How to consume Unsweetened Iced Tea without glucose spikes

Pair with Protein or Healthy Fats

Consume a source of protein or healthy fats alongside your iced tea, such as a handful of nuts or a slice of cheese, to help moderate glucose levels.

Include Fiber-Rich Foods

Add fiber-rich foods like chia seeds, flaxseeds, or a small portion of oats to your meal. These can slow down glucose absorption and help stabilize blood sugar.

Hydration with Water

Before drinking your iced tea, have a glass of water to ensure you are well-hydrated, which can aid in maintaining stable glucose levels.

Add a Splash of Lemon

Incorporate a slice or splash of lemon into your iced tea. Lemon can help slow down the rate at which your body processes carbohydrates.
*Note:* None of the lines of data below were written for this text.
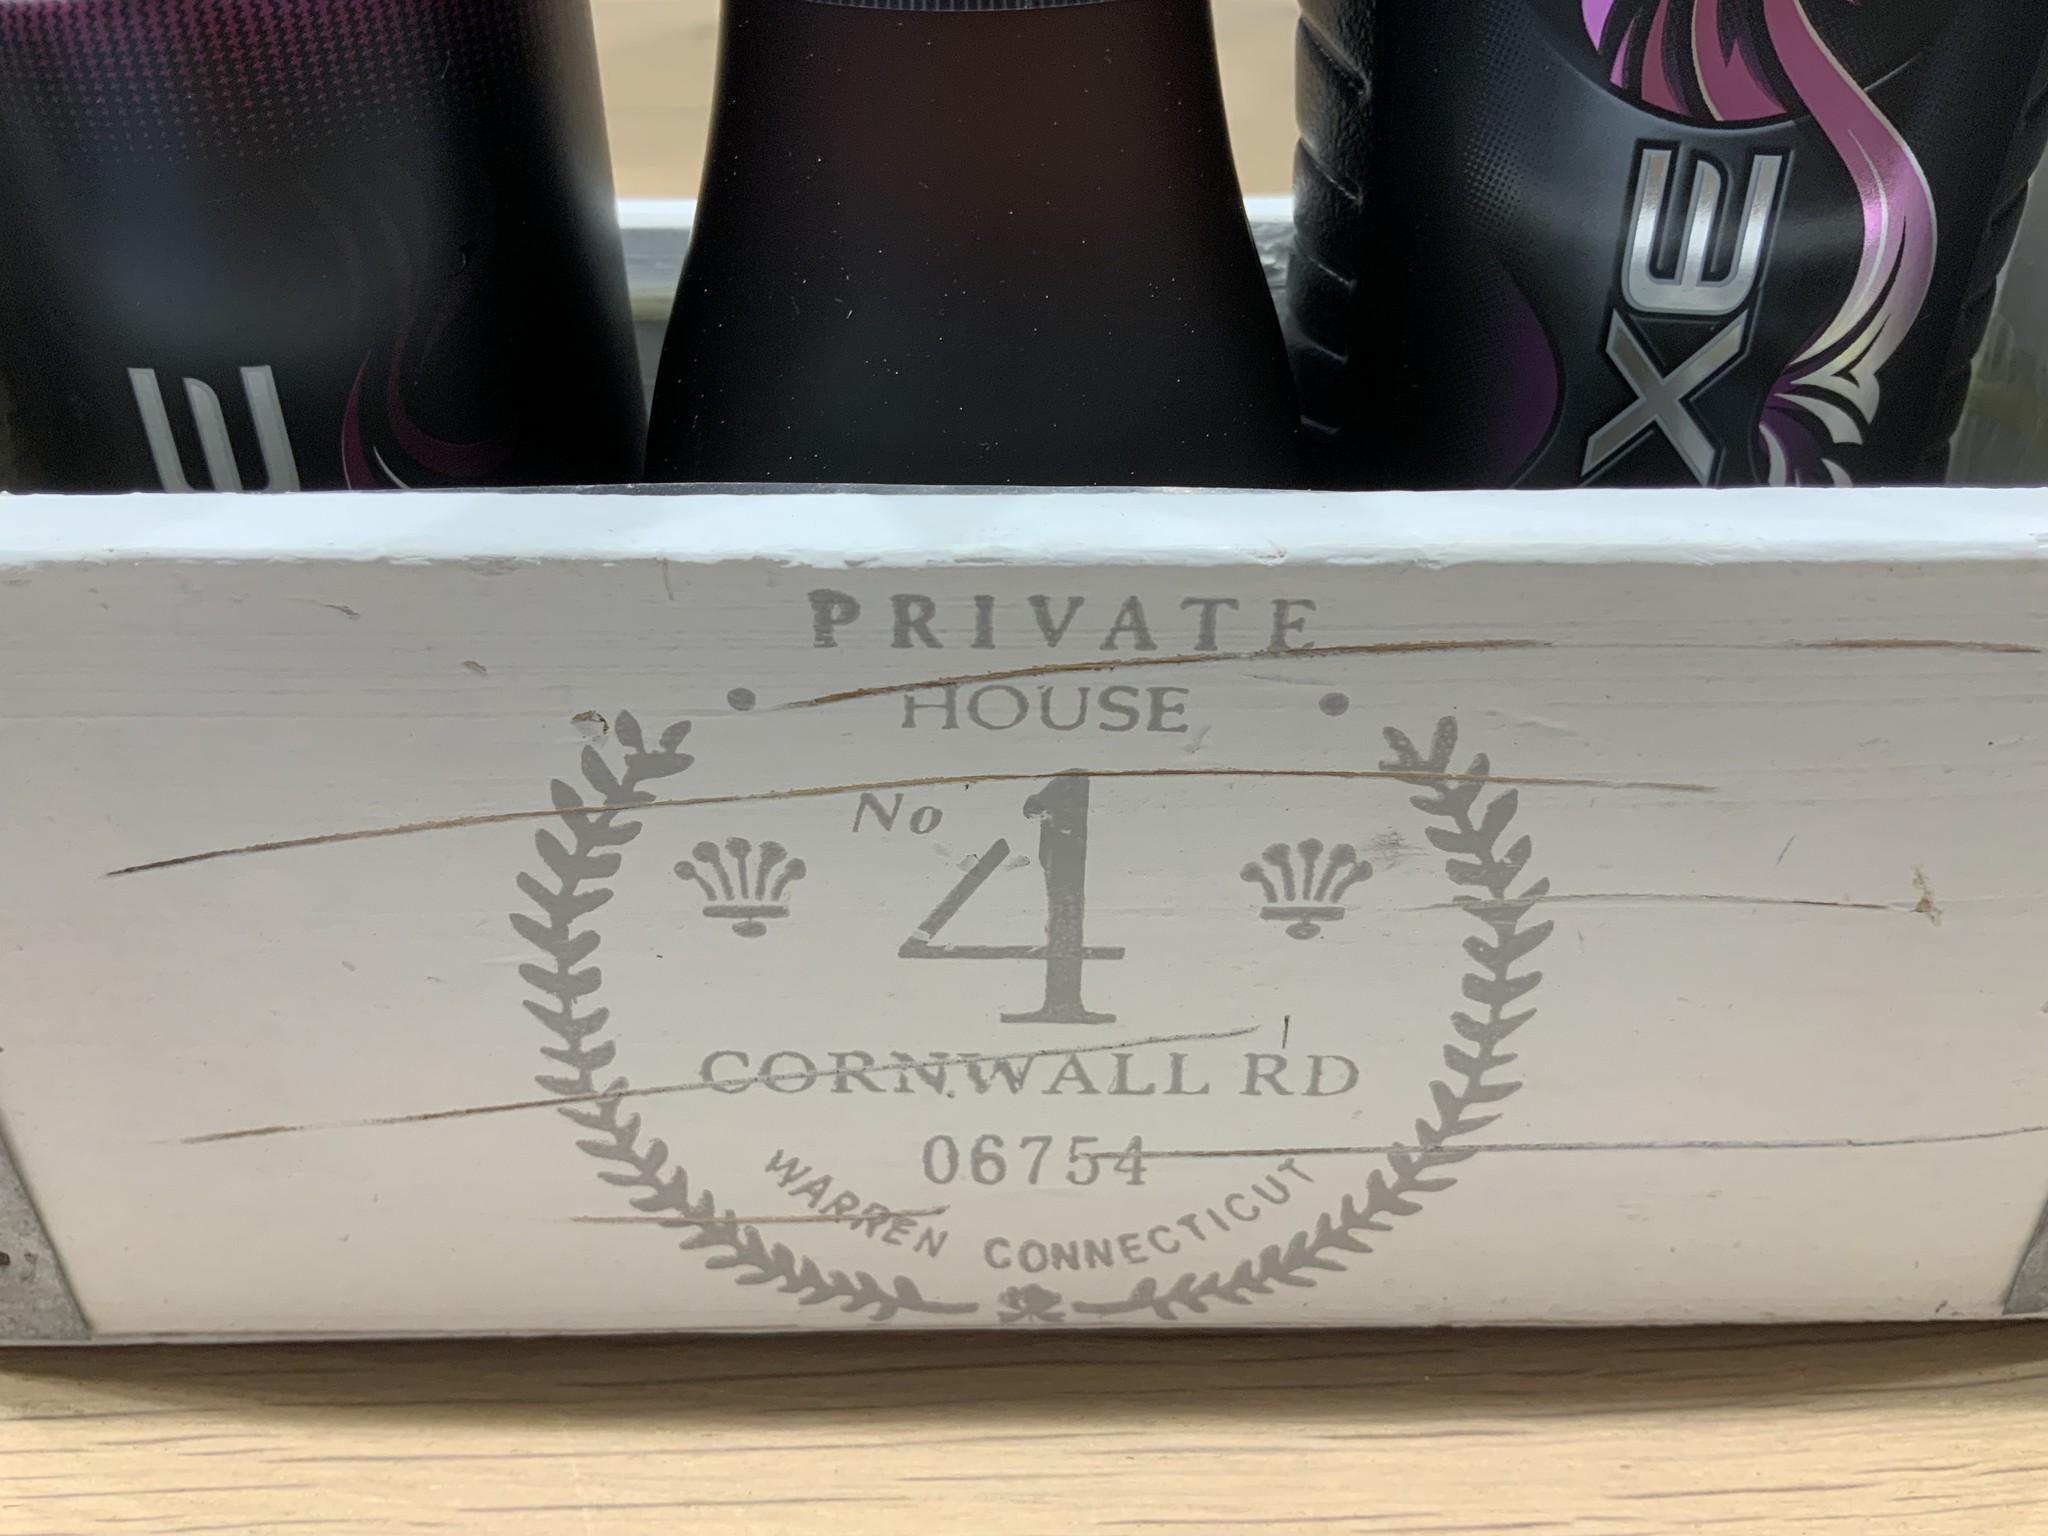 Verjaardagscadeautje man PRIVATE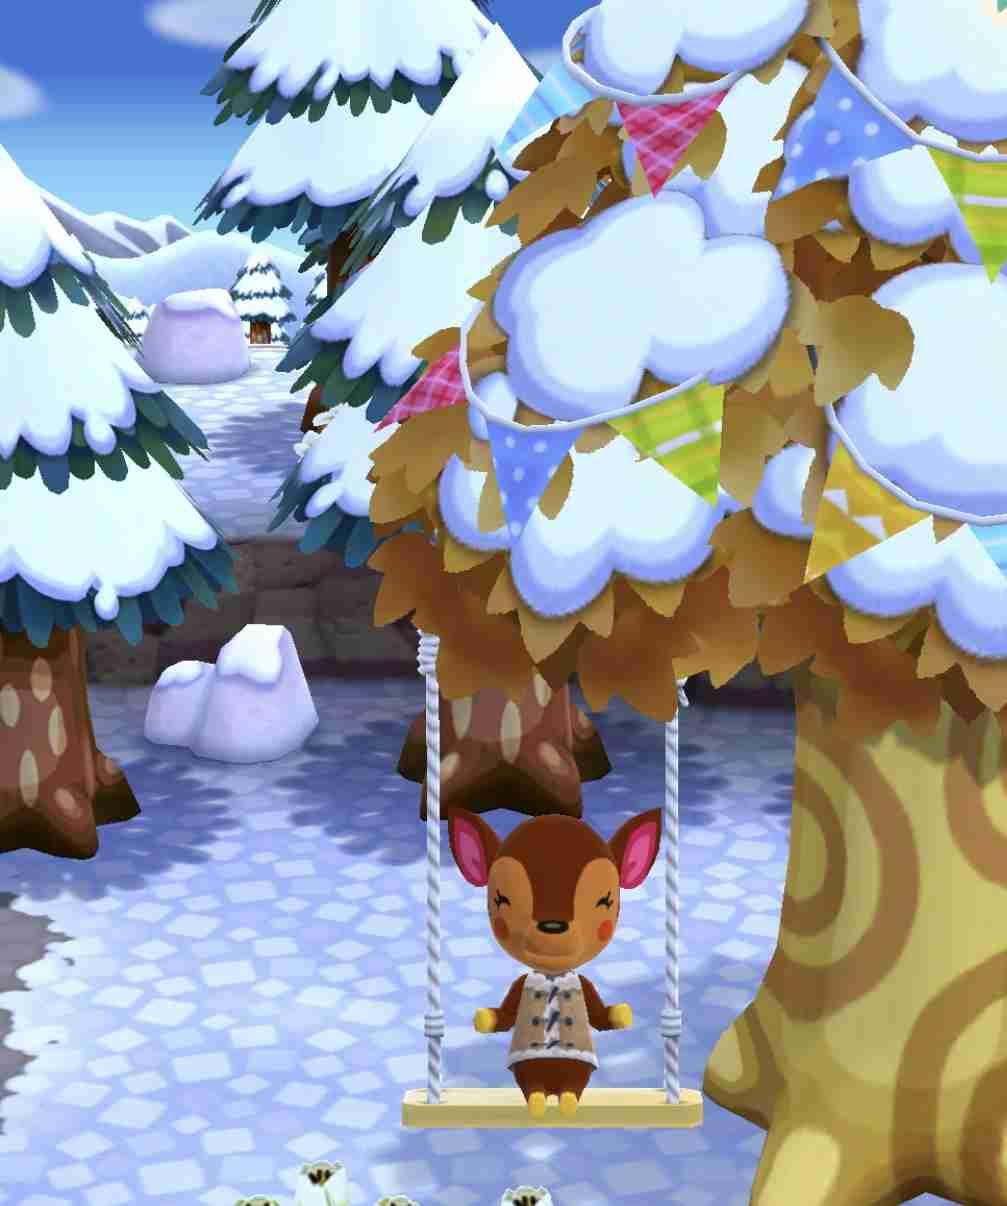 「どうぶつの森 ポケットキャンプ」、新要素「ガーデン」「衣装クラフト」を発表 そしてこのシルエットは……?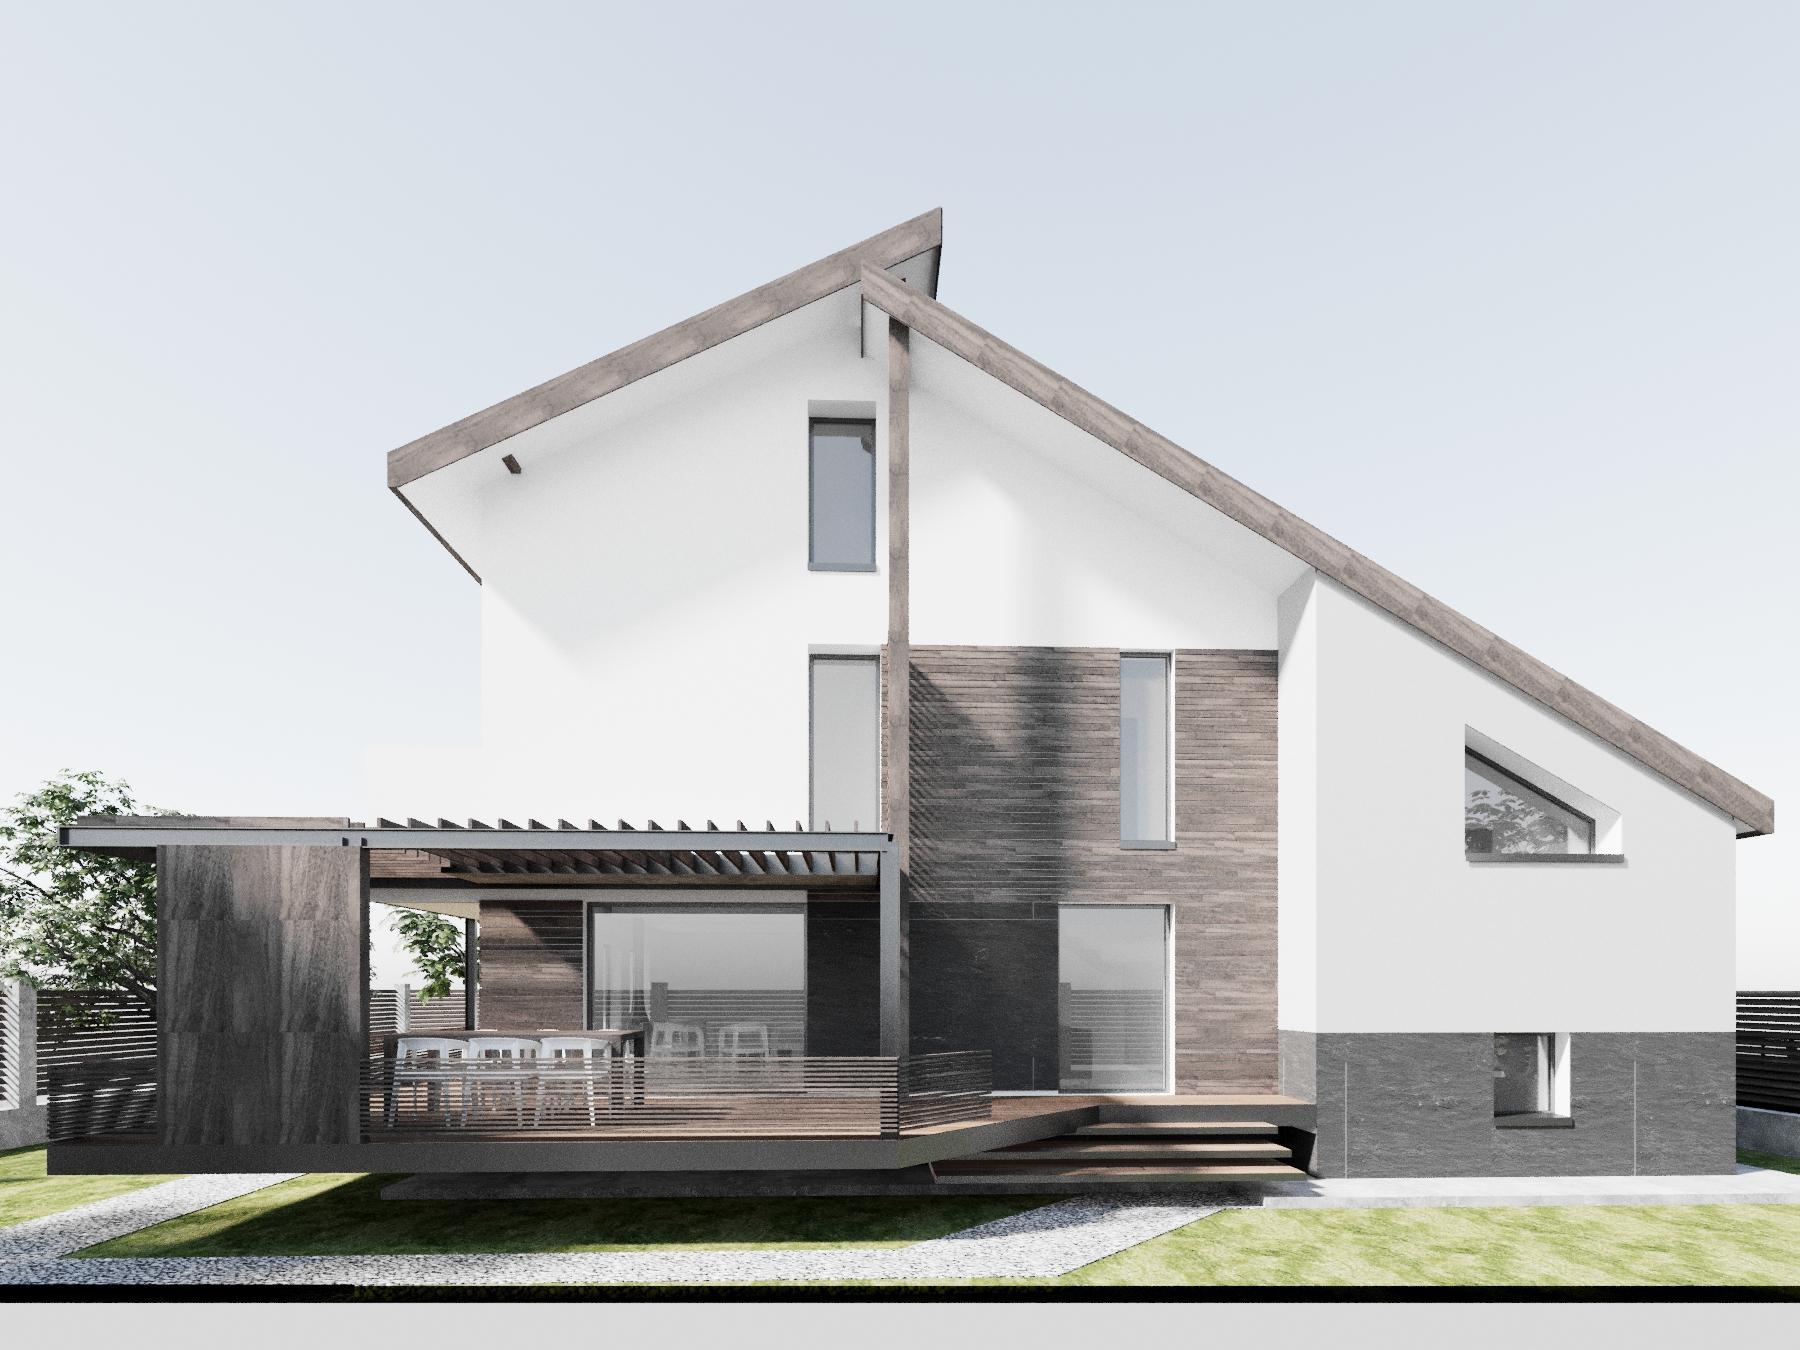 modificare casa existenta sisesti reflex architecture ForModificare Casa

Opt for Smaller Portions of Carbohydrates

If consuming carbohydrates with your tea, choose smaller portions or opt for alternatives like quinoa or barley, which have a slower impact on glucose levels.

Incorporate Non-Starchy Vegetables

Snack on non-starchy vegetables like carrots or bell pepper slices while enjoying your iced tea to provide sustained energy without spiking glucose levels.

Physical Activity Post-Consumption

Engage in light physical activity, such as a short walk, after drinking your iced tea to help your body use up the glucose more efficiently.

Choose Whole Grains

If you're consuming grains with your meal, select whole-grain options such as brown rice or whole-grain bread, which can help maintain stable glucose levels.

Mindful Eating Practices

Eat slowly and mindfully, savoring your food and drink, to give your body time to process the glucose steadily.

Monitor Your Blood Sugar

Keep track of your blood sugar levels before and after consuming iced tea to better understand how it affects your body and make necessary adjustments.